We are currently using int (which is int16 on ATMega base boards). But with it, we need to know specific step on which we target.
To use float with range from 0.0 to 1.0 (including both values). To do so, we need to know our limits.
Let's say that we have stepMin and stepMax as our limits and target as our range (0.0 to 1.0). With this in mind, we calculate target step by
int stepRange = stepMax - stepMin; targetStepId = stepMin + (int)(target * stepRange);

But what to do when we don't know the limits?
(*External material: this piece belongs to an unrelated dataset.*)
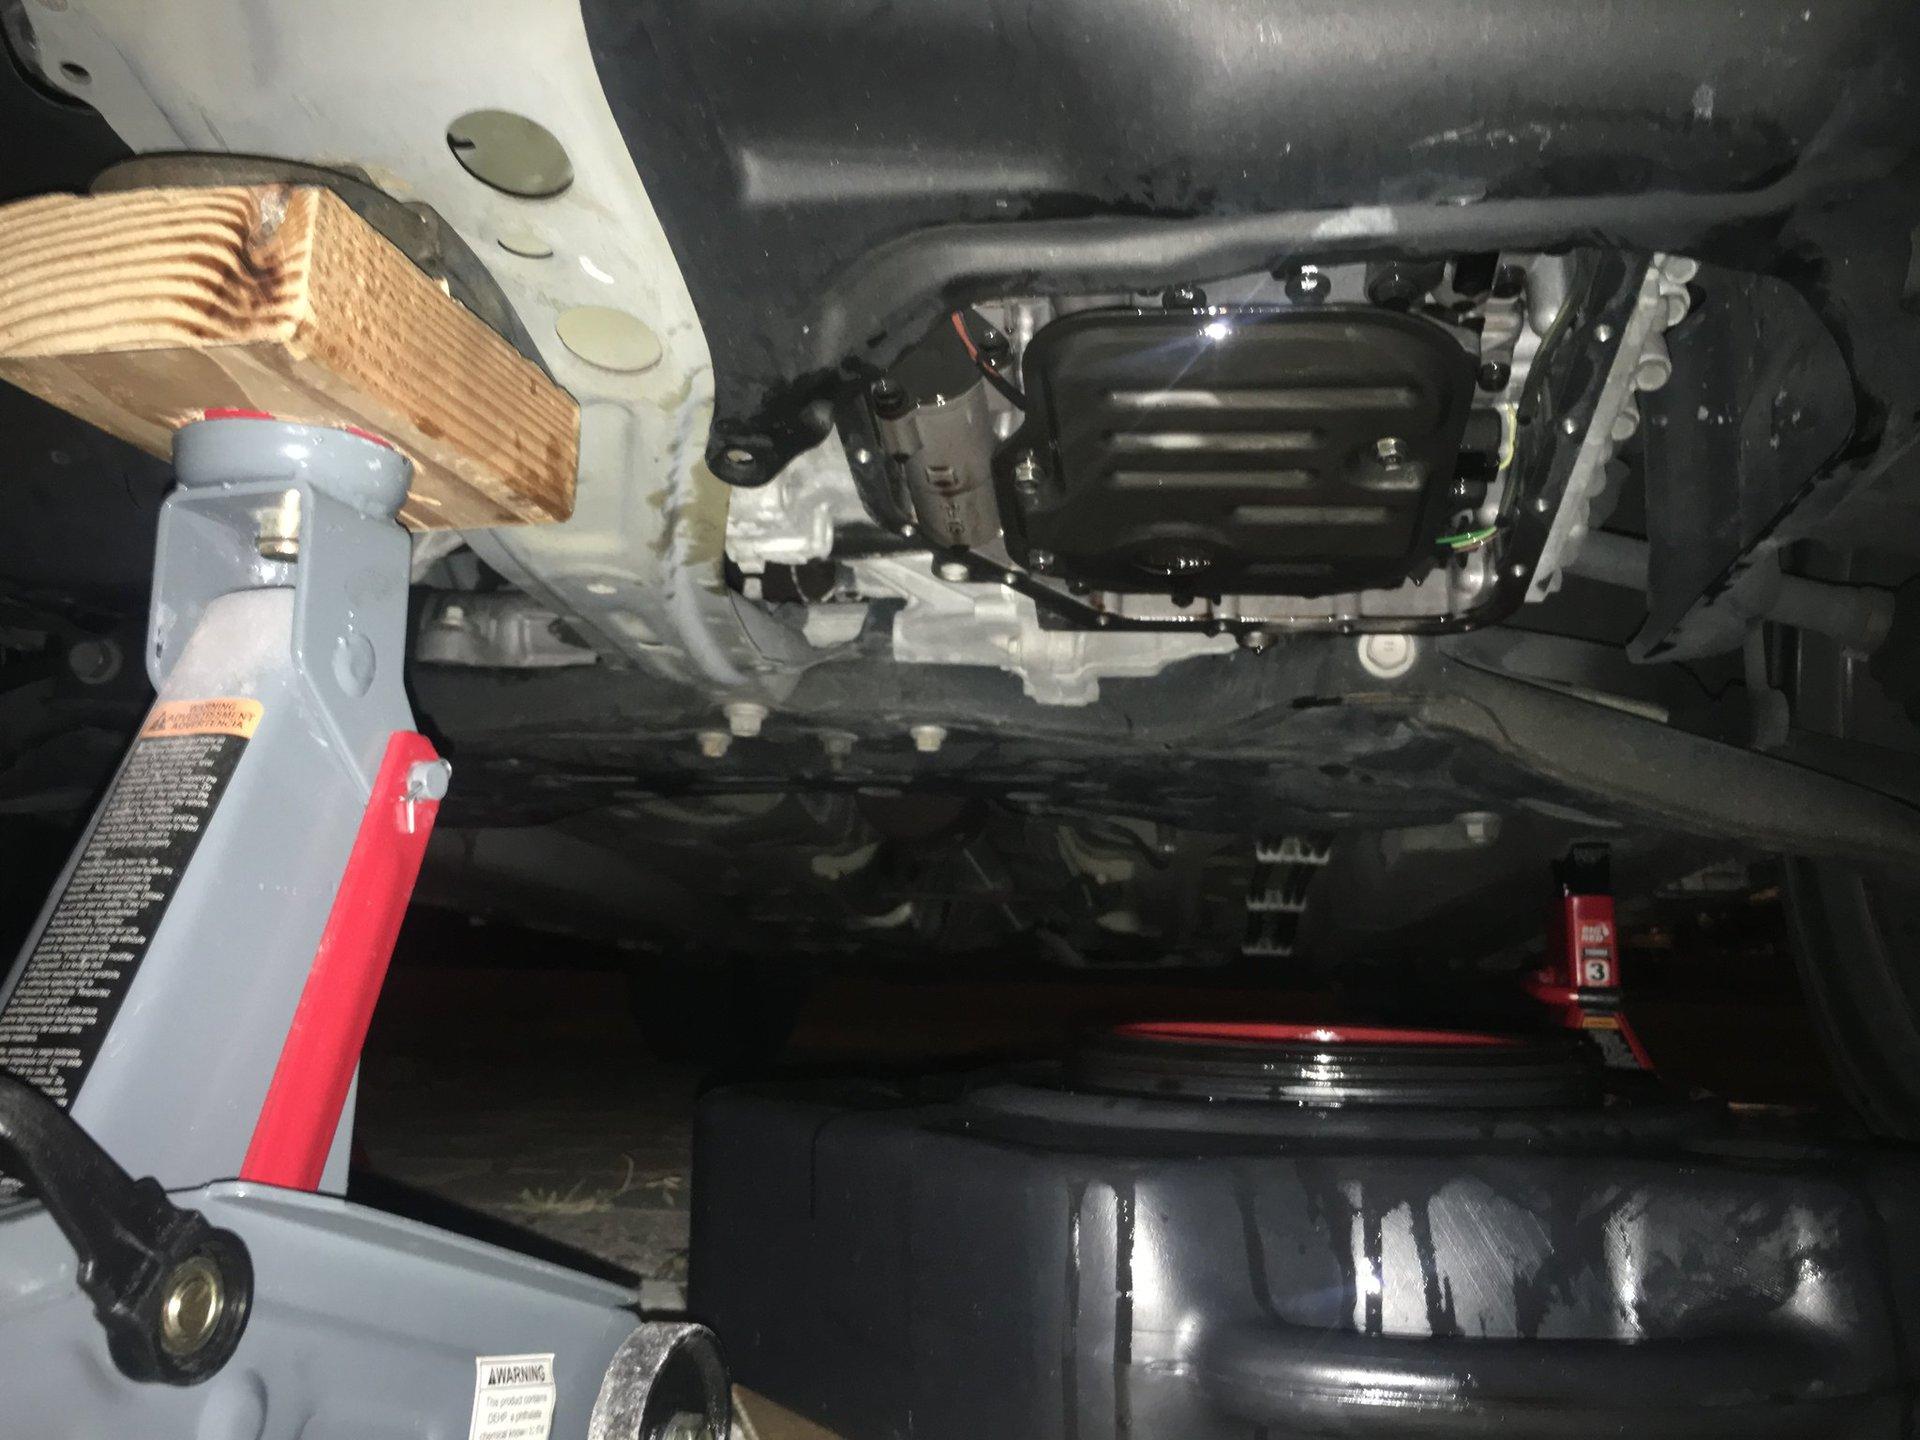 2013 Corolla A/T (U341E) Transmission Slipping in Drive/3/2

Or at least don't know them relatively to our start step.
Because of this, we will consider stepMin to be 0 and stepMax to be maximum value of int (32767).
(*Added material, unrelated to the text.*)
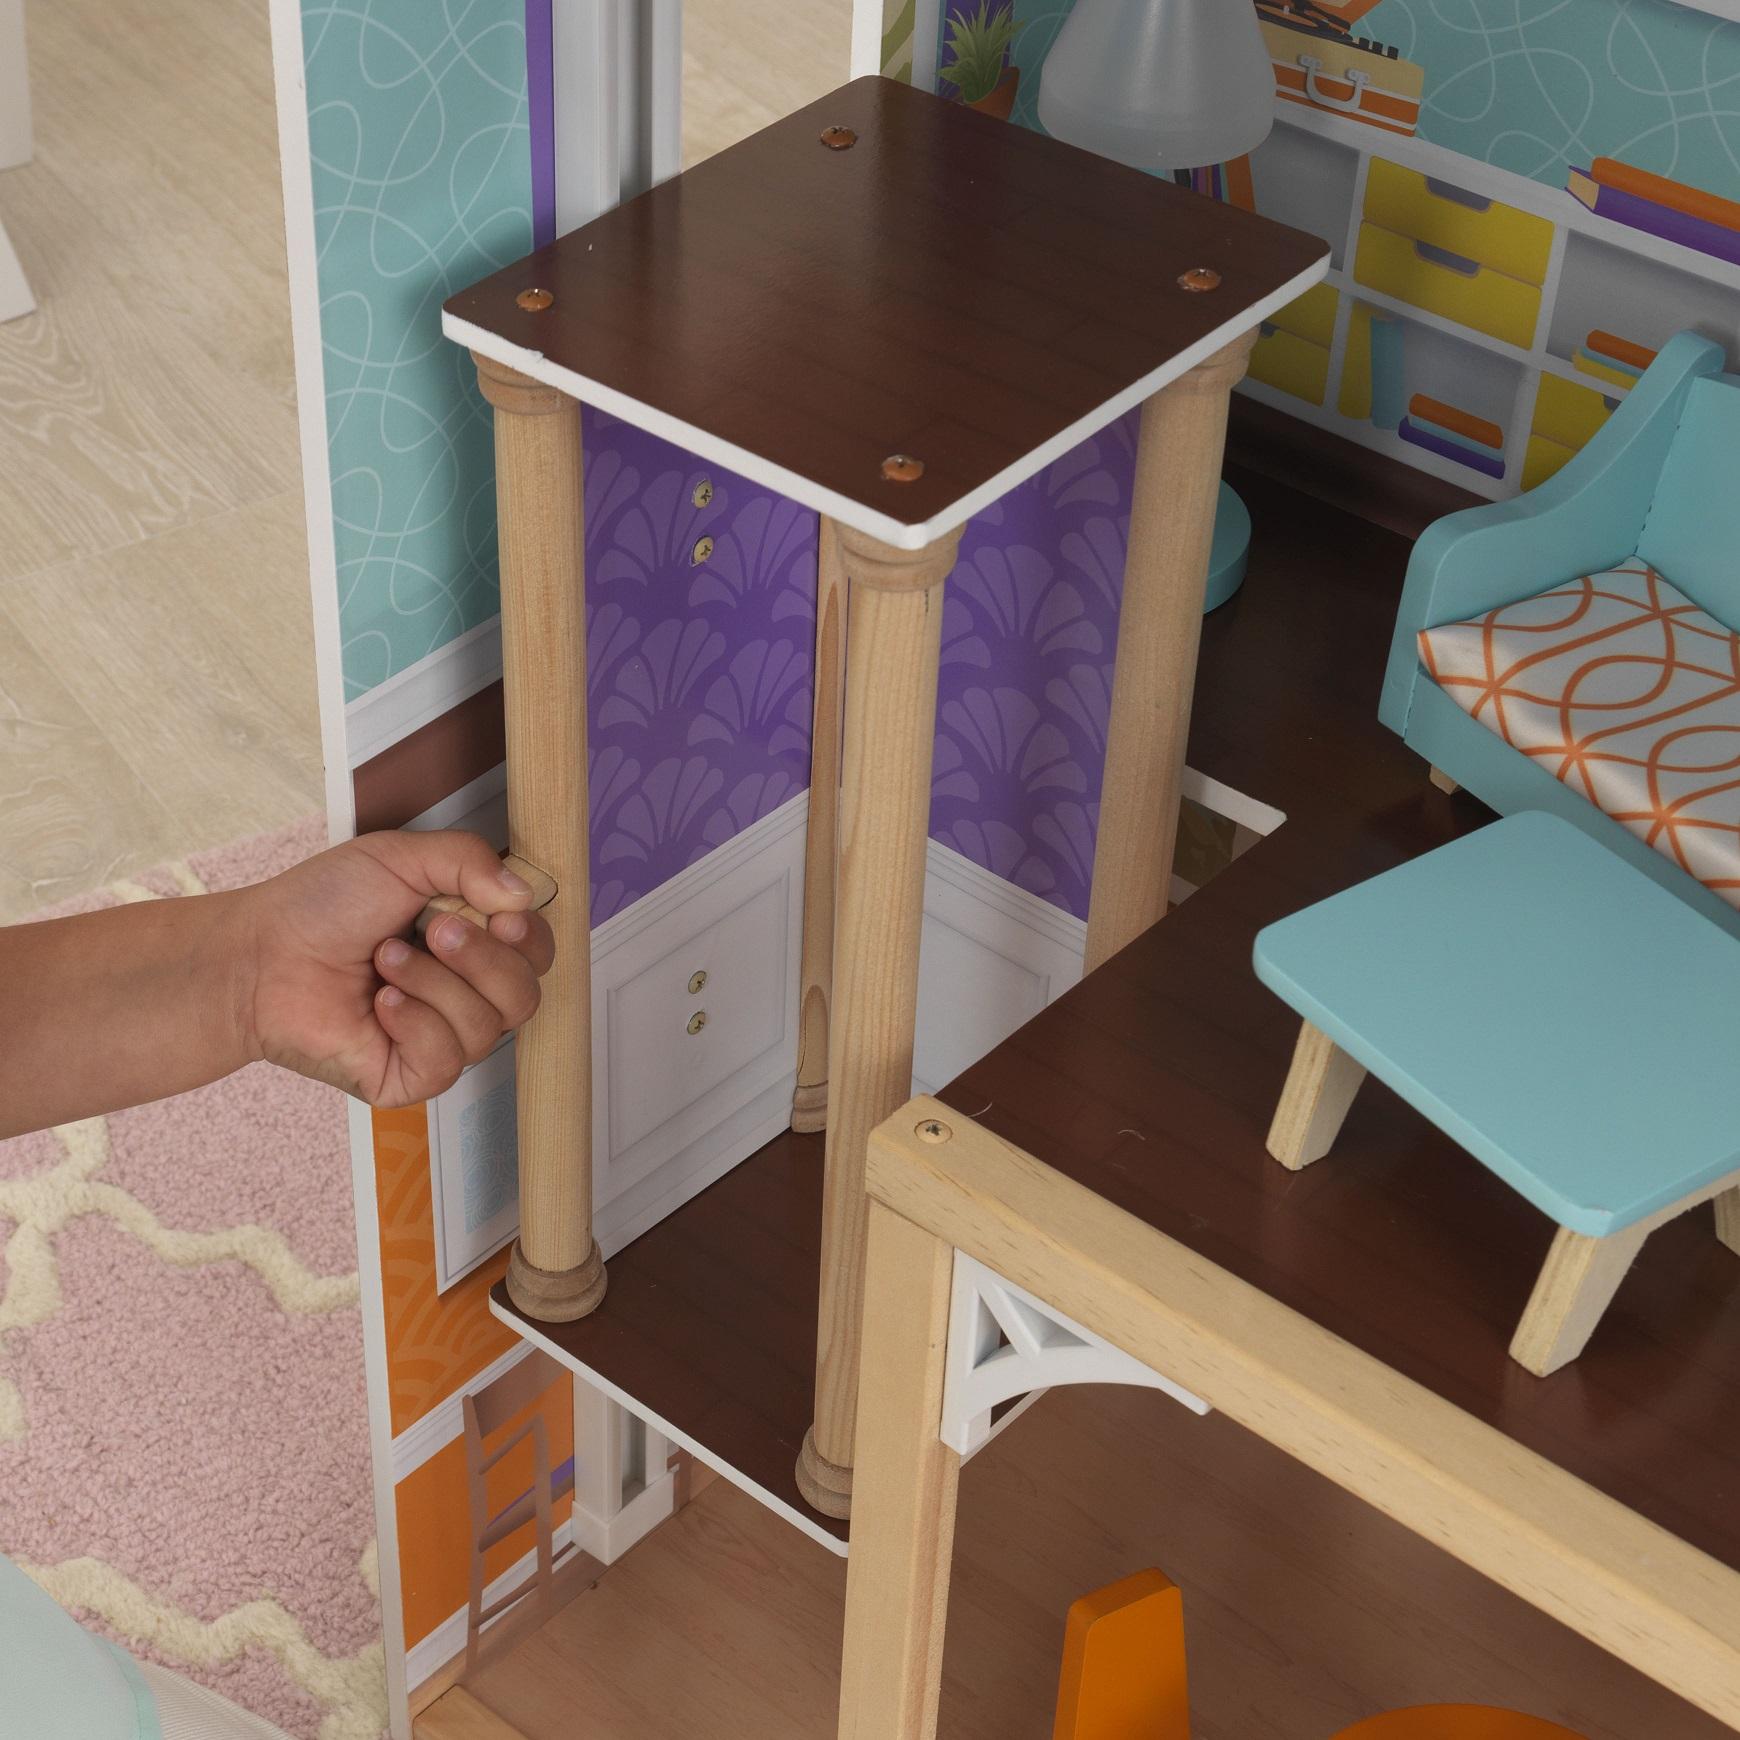 Detalle del ascensor de kidkraft casa de muñecas avery 65943

How can I know that 0 is minimum? Why the maximum value?
Well, I don't know but we can add microswitches as our limits and when our input is 0.0 or 1.0 then we keep rotating until we reach a microswitch.

#define PIN_MIN 4 #define PIN_MAX 5
First of all, we need to define our pins for microswitches...
pinMode(PIN_MIN, INPUT_PULLUP); pinMode(PIN_MAX, INPUT_PULLUP);
...and set them as Input. Because we use switches connected only to the ground (on the other side then Arduino), we need to use INPUT_PULLUP because we don't our input to act as an antenna when the switch is not pressed (for more info, look at description of Arduino's Digital Pins).
This will also cause our input to be inverted (LOW when pressed).
if(!done) { if(directionRight) done = digitalRead(PIN_MAX) == LOW; else done = digitalRead(PIN_MIN) == LOW; }
We also need to add detection of those limits between done = targetStepId == currentStepId; and using done (setting pins to LOW).

Reset Position on Start

What does "Reset Position" mean? Reset in this case meant rotate to minimum position.
This will help with detecting limit on PIN_MIN. It will also work as safety mechanism - on reset of Arduino, the wings will retract so if it was caused by low battery, we will not have problem with wings getting stuck in .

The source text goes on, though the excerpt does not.